Posted by Marie Jacqueline Lee, 17/09/2009 9:17:03 PM
People in times of hardship and disaster should always have a right to resettle in another country in search of a better life but should adjust their birthrates to a sustainable manner to help maintain a low population. Australia's population is not the concern - it is the global population that is.
Posted by Benjamin, 8/10/2009 11:04:48 AM
There are no environmental problems that cannot be solved by reducing human population.
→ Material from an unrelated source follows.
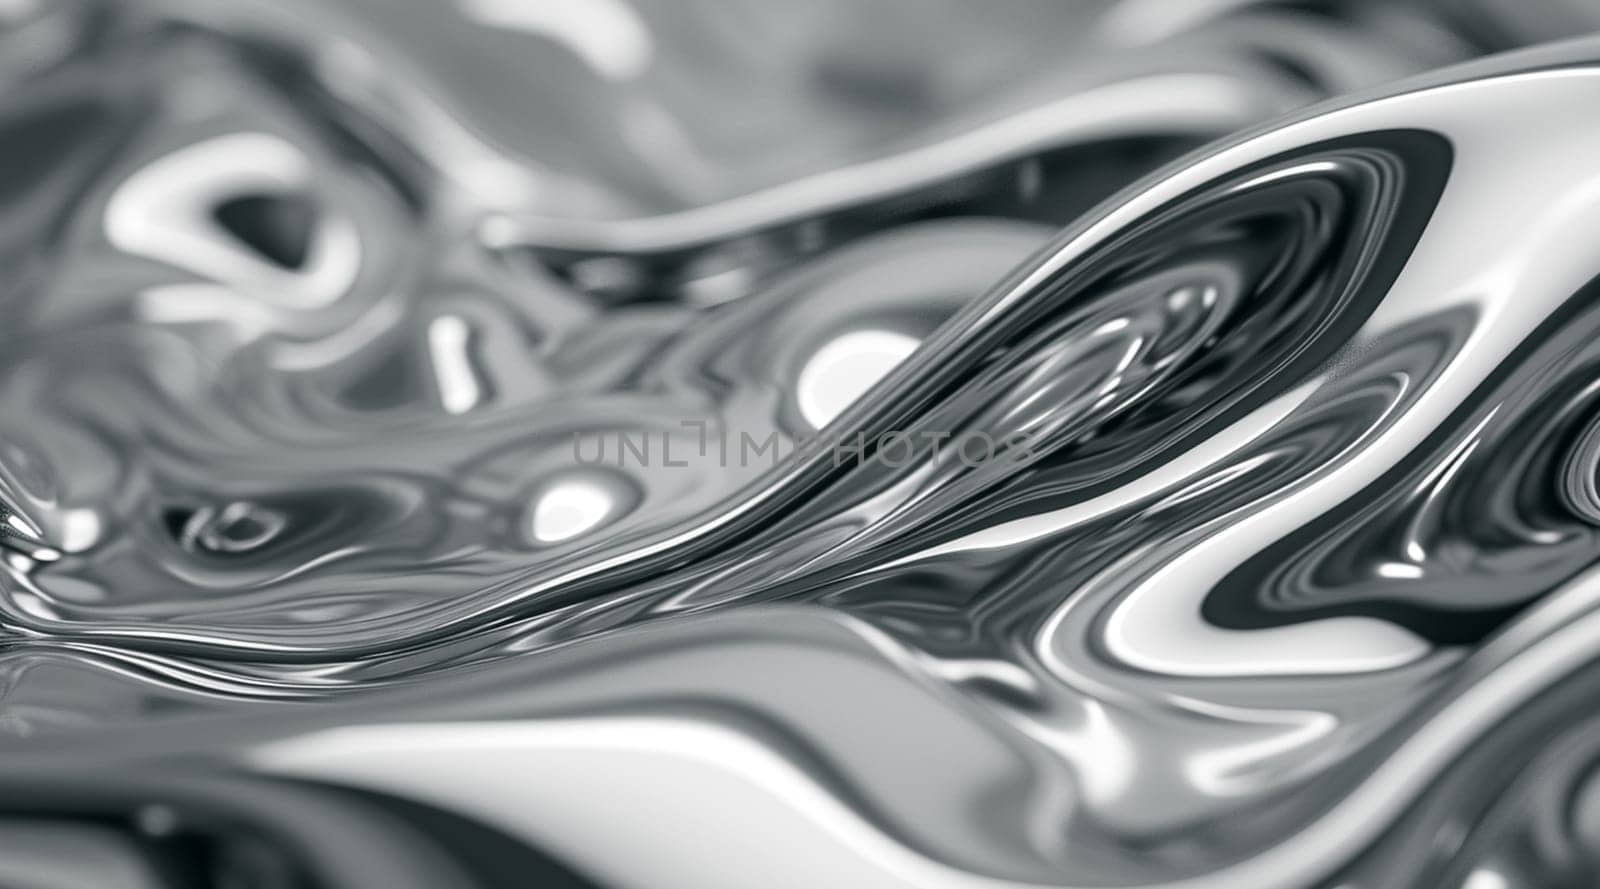 Melting metal texture close up. Melty metallics by kizuneko
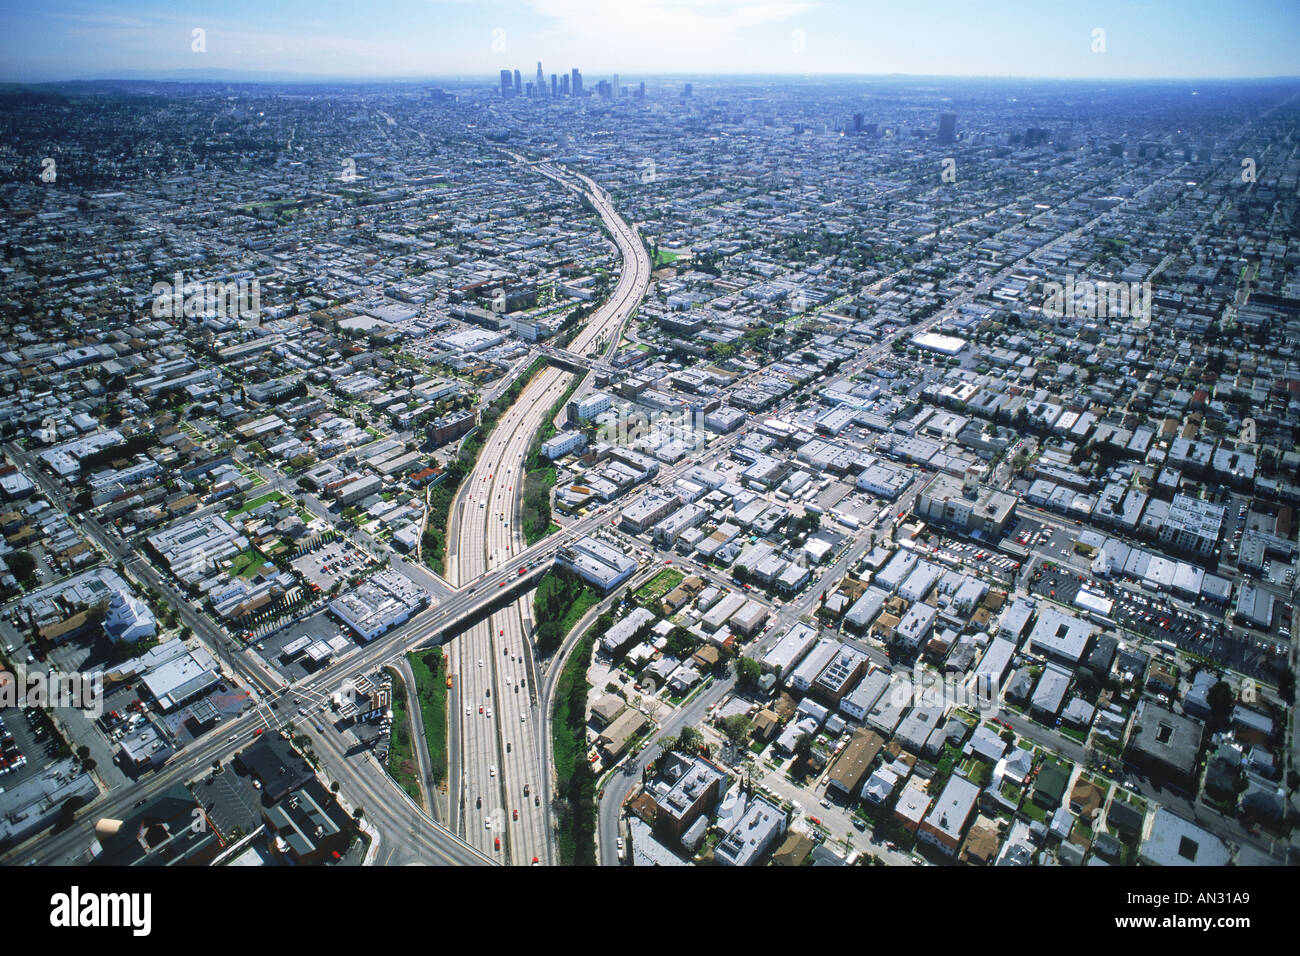 http://c8.alamy.com/comp/AN31A9/aerial-view-of-freeway-cutting-through-los-angeles-urban-sprawl-AN31A9.jpg

While lesser populated countries relieve overpopulated countries that refuse to address their own problem, population growth will continue unabated. Yes, we must be compassionate, but world leaders need to focus on more than economies. Population growth is a far greater concern.
Posted by Na Na Na, 21/10/2009 12:51:40 PM
Immagration is sometimes good and sometimes bad, different people from other countries can take other peoples jobs away from them.Aj I am almost a citizen if we didn`t come over we would be on streets. because South-Afrika is one of the pourest countries and you don`t get payed alot so yes all countries should alow immigration but people should try to get sponsors
Posted by ash & Aj, 4/11/2009 1:42:34 PM
TRY to remember that if to many people, are going come over here. Then we have to build more houses and building house takes over land and environment. Other than that we could get in a drought again. SO THINK OF THAT!